I can imagine what it must be like to just relax and have a full, rich note float out. I can imagine how it is to approach a high note "from the top" and sing through it. I can't seem to do it, which I guess makes me think that I just "can't sing". But I don't want to go down that road again!

I don't really understand what the throat and diaphragm should do when you sing notes above the octave over middle C. I know how I'd like them the behave, I feel that the diaphragm should lift, the throat should relax and the note should fill the head and mask, resonating even to the ears. But then when I try to do that I just get a tight throated squeak.

One thing that my ex teacher taught me that slightly helped was the "ung" exercise when you sing a note on "ung" and then let it go to "ung-aaaaa". I found that the note seemed to open up more on the "aa . . ." when I'd prefaced it with the "ung" (apparently its getting the voice into the mask). But that still doesn't really help on the high notes. . .
AnnC
No wonder you are confused! First being taught by a soprano, then a mezzo who does little technique with you. Yes, Relaxing is important, but there's an awful lot more to it than that. And a mezzo cannot DEMONSTRATE what a high note should sound like for a soprano.
Actually, if you've been to Ms Church's teacher, you must be just over the bridge from me. If you'd like me to hear you and offer an opinion, just send me a private message. I'm sure there must be a way - but being a newbie, I haven't attempted it yet...Hope I'm not breaching anything by offering this.

Ann
jod
I would endorse what AnnC says whole heartedly. As a soprano, I teach all voices except counter-tenors who I think need to be taught by a man who understands falsetto. But the reason that someone that Ann or me can do this is the time we have spent studying technique.

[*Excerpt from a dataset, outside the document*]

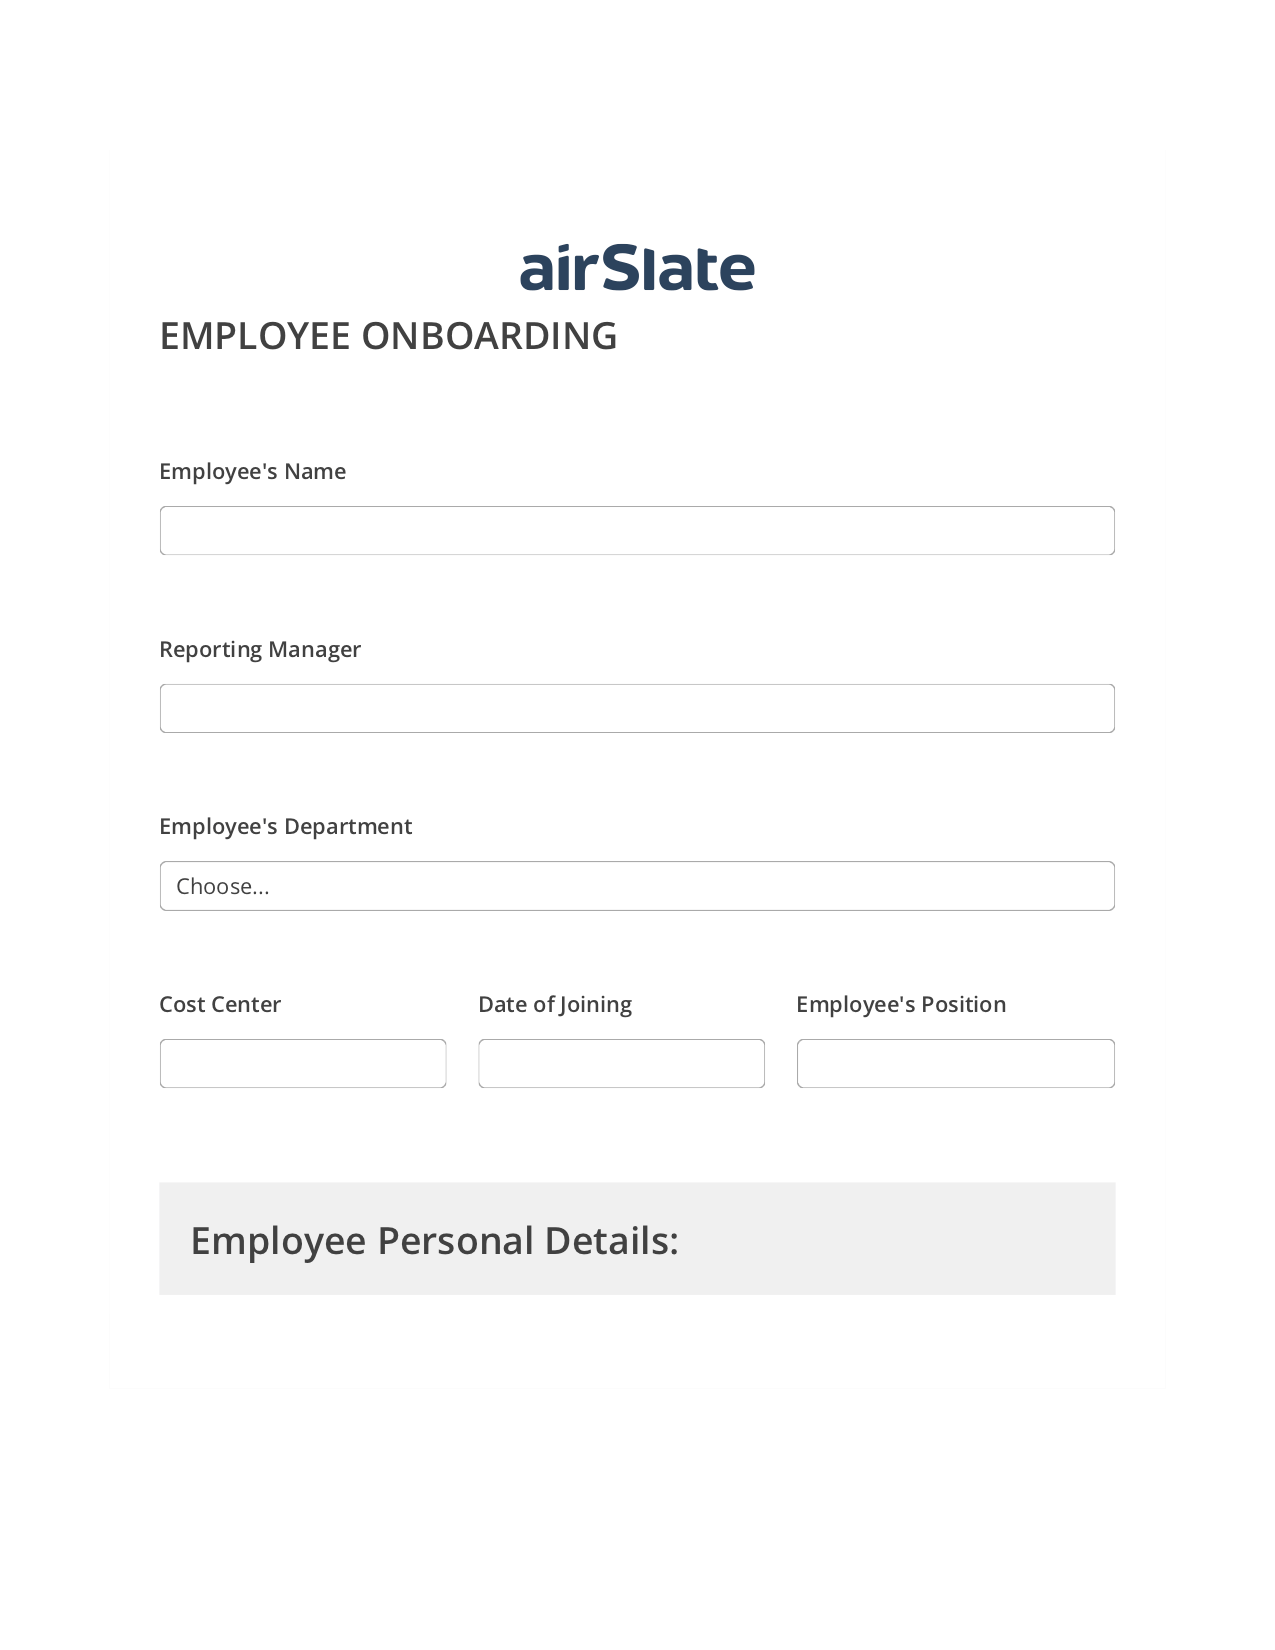 Employee Onboarding Workflow Pre-fill from CSV File Dropdown Options Bot, SendGrid send Campaign bot, Email Notification Postfinish Bot

I am fortunate, I have a wide range, to can demonstrate how to get low notes to mezzo's and basses. But singing teachers need to be empathetic to the needs of their pupils, and able to explain aswell as demonstrate. Developing your head voice needs to be done sensitively so that it both feels and sounds right.
LadyMoonlight
QUOTE(AnnC @ Mar 6 2006, 11:24 PM) *

. If you'd like me to hear you and offer an opinion, just send me a private message. I'm sure there must be a way

Ann



Hi Ann, I've PM'd you!
jod
This is a gnerous offer. Go for it Ladymoonlight!
Amber
Oh I do hope you can meet with Ann. And who knows, if distance isn't too much a problem maybe you could start training with her. You do sound as though you haven't met a teacher who can fully support you along your singing journey. I can identify so much with the difficulties and struggles you talk about (although the high notes thing is less of a problem with me). You NEED a good teacher alongside you. I probably would have given up long ago if it weren't for my teacher. He lets me know what is going right, not just what is wrong, and is so encouraging and enthusiastic in his teaching.

Keep going, and let's hope Ann and you can get together.

smile.gif

Amber
x

LadyMoonlight
QUOTE(sarah-flute @ Mar 5 2006, 11:13 PM) *

How low can you comfortably sing/sound OK singing?



I can go down to a C one 8ve below middle C but I'd say my voice probably sounds its best between the E below middle C to the E one 8ve about it. Wouldn't this make me a contralto?
jod
Being a contralto is much more than how low you can get, it also has to do with your timbre.

If you judged my voice on how low it get then I'm a contralto...but I'm not I'm really a high soprano. My tone suggests that, all the natural break points suggest that, and my uppernotes suggest that.

I new a Mezzo who could hit a top D, but that didn't make her a Soprano because her tone was wrong.

When assessing my pupils voices to type I listen to a variety of factors. Range is only one of them.

You don't sing like a low contralto. You're a mezzo.